Proactive Problem Detection
The ability to be alerted on and detect issues before they impact a majority of users is perhaps the most crucial aspect of monitoring. This "early warning system" empowers us to:
- Detect anomalies before they become failures
- Identify performance degradation trends
- Spot resource constraints before they're critical
Performance Optimization
Monitoring data is crucial to optimize system performance and resource utilization.
- Application Performance
- Identify slow database queries
- Track cache hit rates
- Monitor API endpoint latency
- Resource Efficiency
- Analyze CPU and memory usage patterns
- Track storage usage trends
- Monitor network bandwidth utilization
Capacity Planning
Effective monitoring enables data-driven capacity planning decisions.
- Peak Usage Patterns
- Daily peaks during business hours
- Weekly peaks on Mondays
- Seasonal peaks during holidays
- Growth Indicators
- User registration rate
- Data storage consumption
This is crucial information to engineers and stakeholders.
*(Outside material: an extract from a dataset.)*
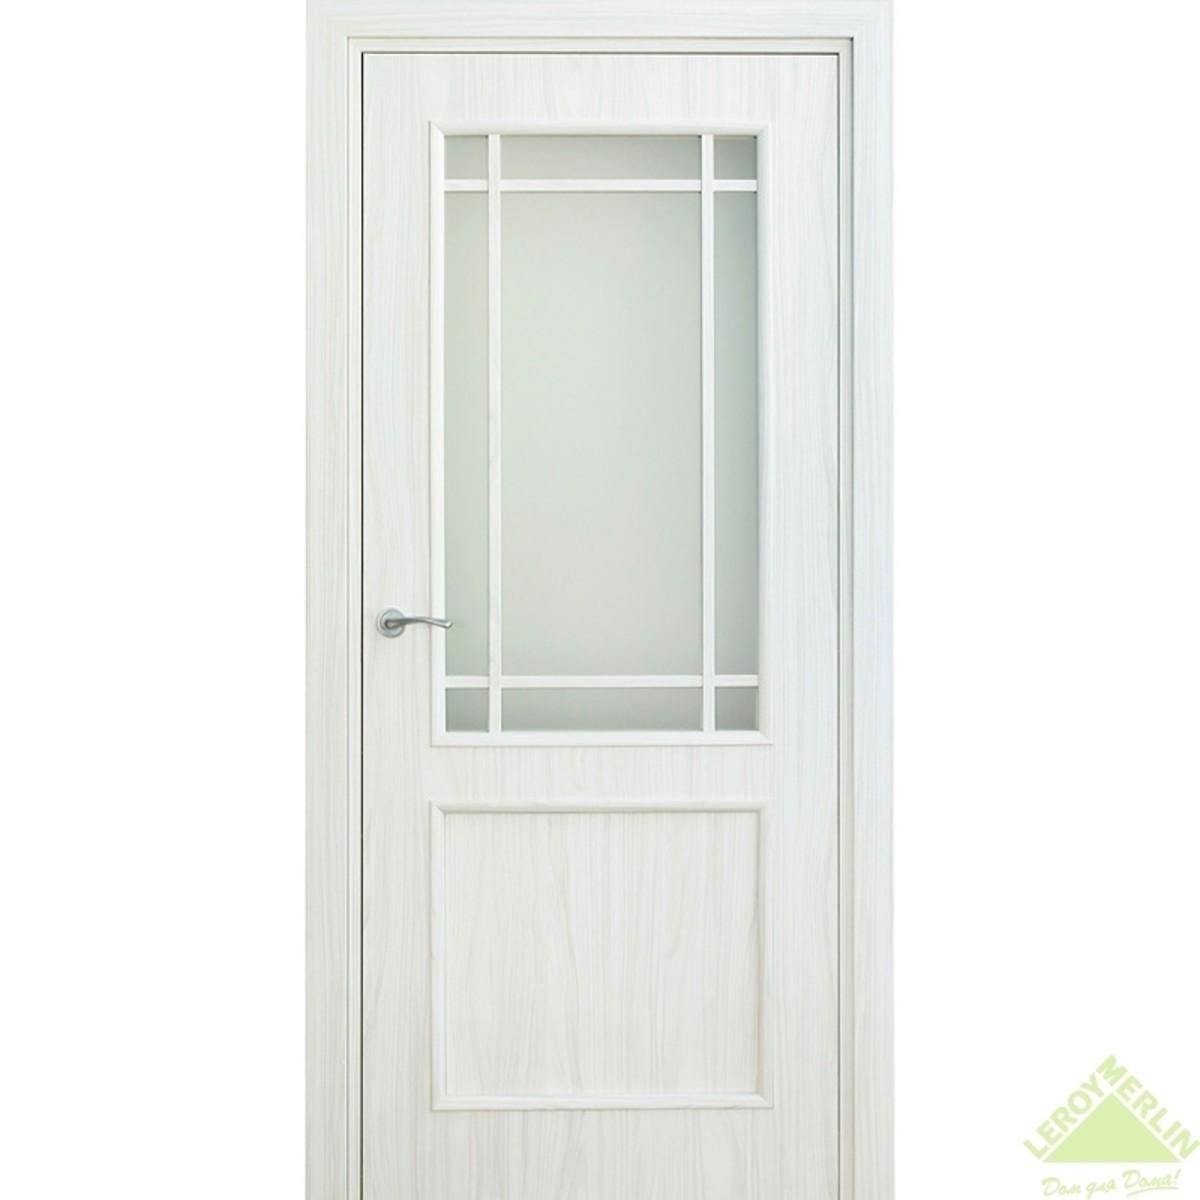 Дверь межкомнатная остеклённая Фортунато 819 700x2000 мм снежный палисандр

Not only it can help you better understand the usage patterns of your users across time, which can be a valuable business insight, it can also inform engineers on how to better prepare for expected changes in demand.
Business Insights
Monitoring isn't just for technical metrics—it can provide valuable business insights as well! Let's take a look at the following examples:
- User Engagement
- Active users per hour/day/month
- Session duration
- Feature usage statistics
- Revenue Impact
- Transaction success rate
- Payment processing times
- Shopping cart abandonment rate
- Customer Experience
- Page load times
- Error rates by user segment
- API availability by region
Cost Optimization
Monitoring can also help to identify opportunities for cost reduction and optimization. From an infrastructure perspective, teams can use monitoring to identify underutilized resources that could be scaled down, track detailed cloud service usage patterns to optimize spend, and ensure auto-scaling mechanisms are operating efficiently. When it comes to performance costs, monitoring enables teams to pinpoint expensive database queries that need optimization, understand how effectively caching mechanisms are being utilized, and identify opportunities to optimize network traffic patterns and reduce associated costs.
System Understanding
Comprehensive monitoring will also help engineering teams to better understand their systems. By analyzing system behavior, teams can establish baselines for normal operating patterns, characterize peak usage scenarios, and map out complex dependencies and interactions between system components. When it comes to understanding change impact, monitoring provides crucial insights into how deployments affect system performance, how configuration changes ripple through the environment, and how infrastructure updates influence overall system stability.
The Four Golden Signals
The Four Golden Signals, popularized by Google's Site Reliability Engineering book, are key metrics that indicate the health and performance of user-facing systems. These signals provide a balanced and comprehensive view of your service's health, while also serving as a proxy to your customers' experience.
Latency
Latency tells the story of your users' experience by measuring how long operations take. Consider an e-commerce platform: while the homepage might load in 200ms for most users (p50), some users during peak shopping periods might experience loading times of 800ms (p90) or even 2 seconds (p99). These percentile measurements paint a more accurate picture than averages alone.
A crucial distinction in latency monitoring is separating successful and failed requests. For instance, when a payment gateway timeout occurs, a failed payment request might take 30 seconds to return an error, while successful payments typically complete in under 500ms. Mixing these measurements would skew your understanding of actual service performance.
Real-world example: Netflix monitors video streaming latency across different stages:
- Initial buffer time: How long before playback starts
- Re-buffer ratio: Time spent buffering vs. playing
- Time to first frame: Speed of video startup
Traffic
Traffic measurements reveal how your system is being used. Rather than just counting requests, think about traffic in terms of user behavior and business impact. For a social media platform, meaningful traffic metrics might include:
- Content creation actions (posts, comments, likes)
- Content consumption patterns (feed refreshes, profile views)
- Peak usage periods across different time zones
The key is measuring traffic in ways that directly relate to your service's purpose. For instance, an online learning platform might care more about "minutes of video watched" or "assignments submitted" than raw request counts. That's not to say that raw request metrics are bad – they're a great starting point!
Errors
Error monitoring goes beyond counting HTTP 500s. Consider a video streaming service: a successful HTTP response that delivers unwatchable, low-quality video is still a failure from the user's perspective.
Common error patterns to watch for:
- Authentication failures that might indicate security issues
- Payment declines that impact business revenue
- Data validation errors that suggest UI or API contract problems
Modern error monitoring requires understanding context. For instance, a spike in checkout errors during a flash sale needs different urgency than the same number of errors during normal operation.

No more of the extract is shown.